Charlotte Cory
Artist Statement
‘Cartes-de-visite', photographic calling cards, were a Victorian craze. It was called
"cartomania". Millions were made and are now so commonplace discarded in junk shops they are almost worthless but can there be anything more wretched than a person proudly got up in their best bib and tucker, preserved for a posterity that is no longer interested. The fading sepia image invariably made sorrier, and more sepia, by the magniloquent claims of the photographer printed on the back - often in French to enhance the aura of artistry:
"Les clichés sont conservés";
"Negatives are always kept"; "Copies may always be had". So, I asks arcastically as I peer into the picture - (who were they? why did they choose this hat, that brooch? look at the carpet, the drapery, the exuberantly painted backdrop) - where are the clichés now? How, exactly, may copies always be had?
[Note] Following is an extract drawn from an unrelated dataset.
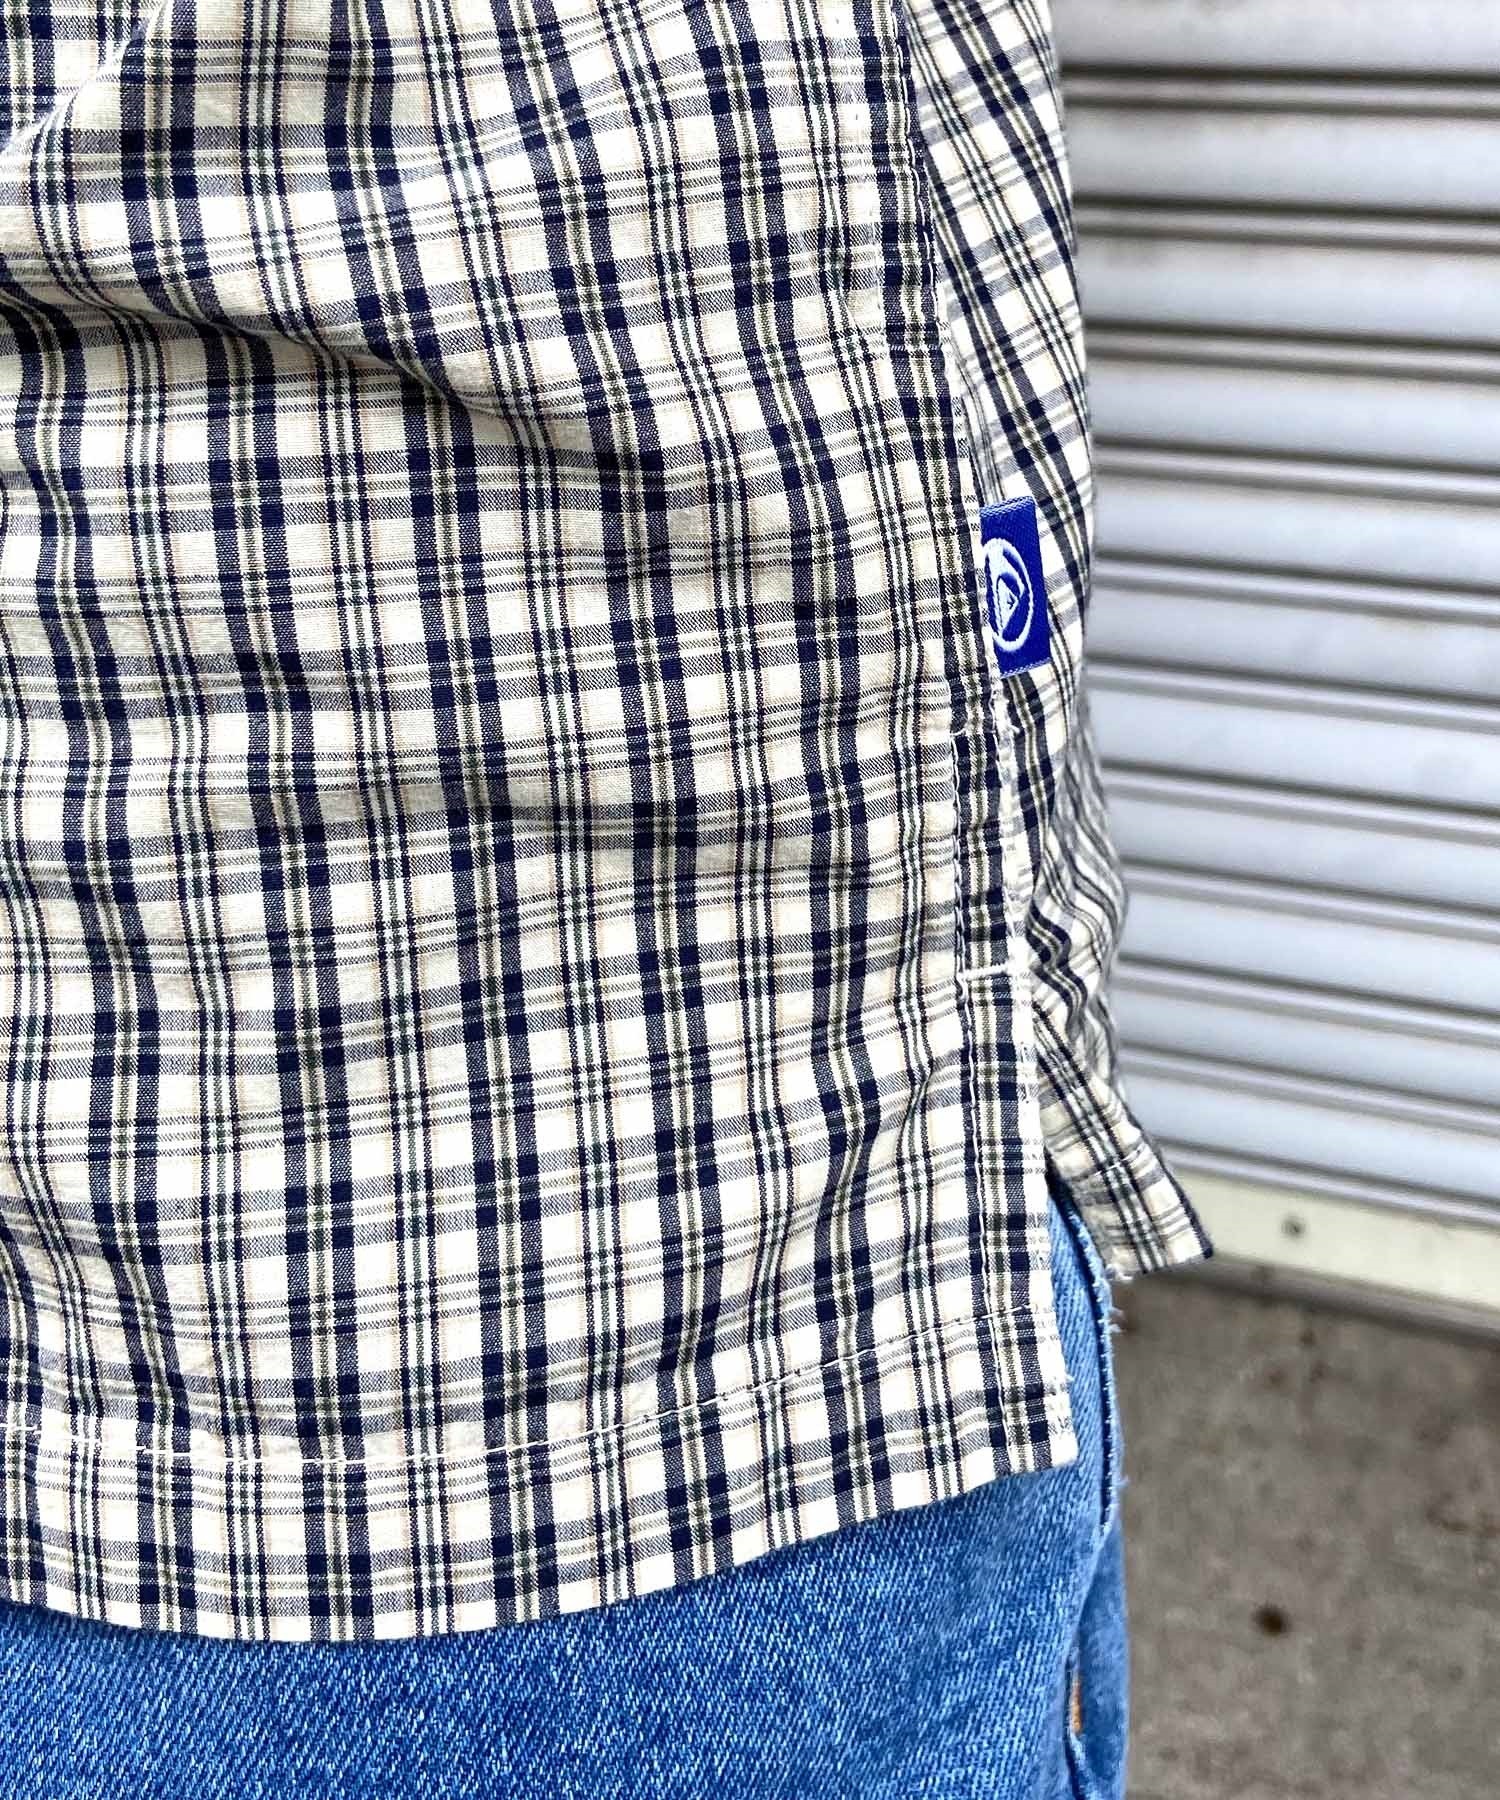 【クーポン対象】QUIKSILVER クイックシルバー メンズ 半袖 シャツ チェック柄 総柄 レギュラーフィット AQYWT03328(CJZ1-M)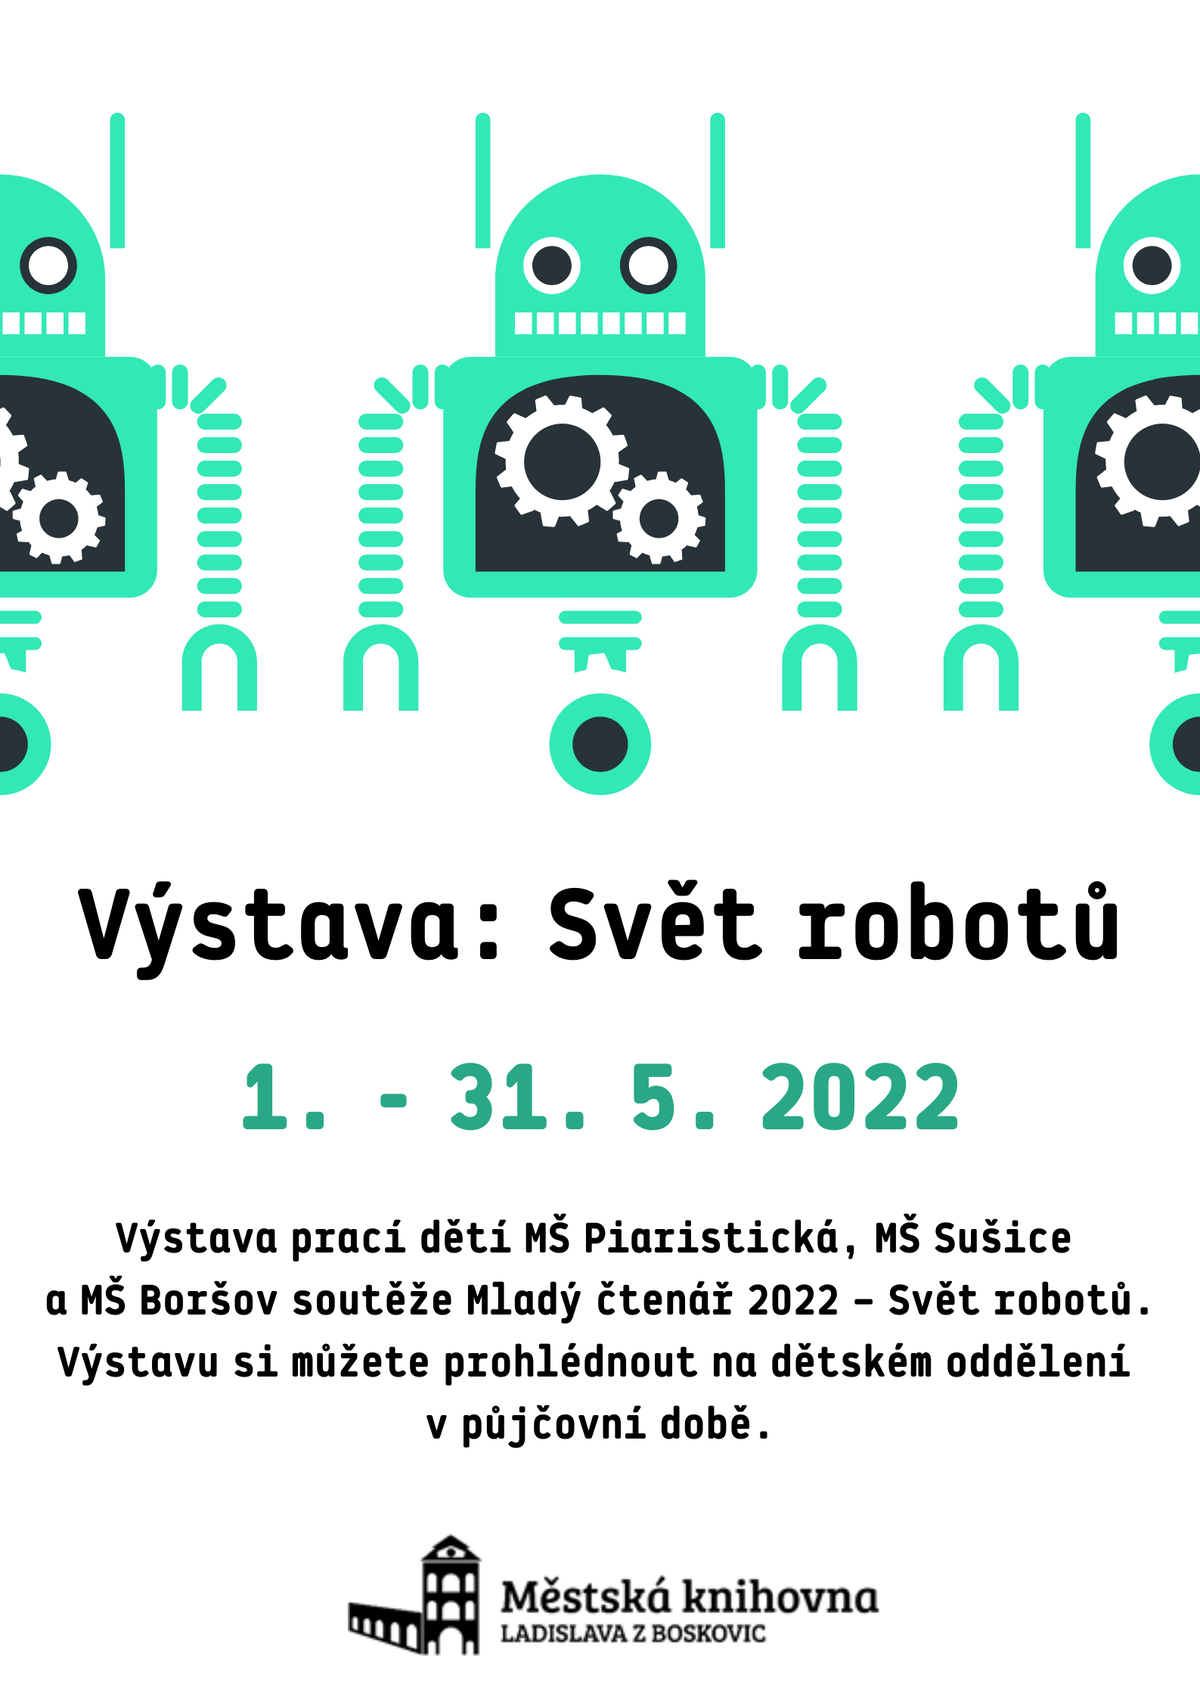 Vystava Svet robotu kveten 2022.png

And yet there is something sadder: stuffed animals in museums, shot long ago not on glass plates but with guns, their very bodies likewise preserved for posterity to gawk at. Where did this moth-eaten tiger sniff his last antelope, over what distant verdure did that dusty parrot flap tremulous emerald wings? One day it came to me: why not RECYCLE the dispossessed pictures and long dead creatures. Grant them all a new lease of life. Better, more colourful, more deserving than before.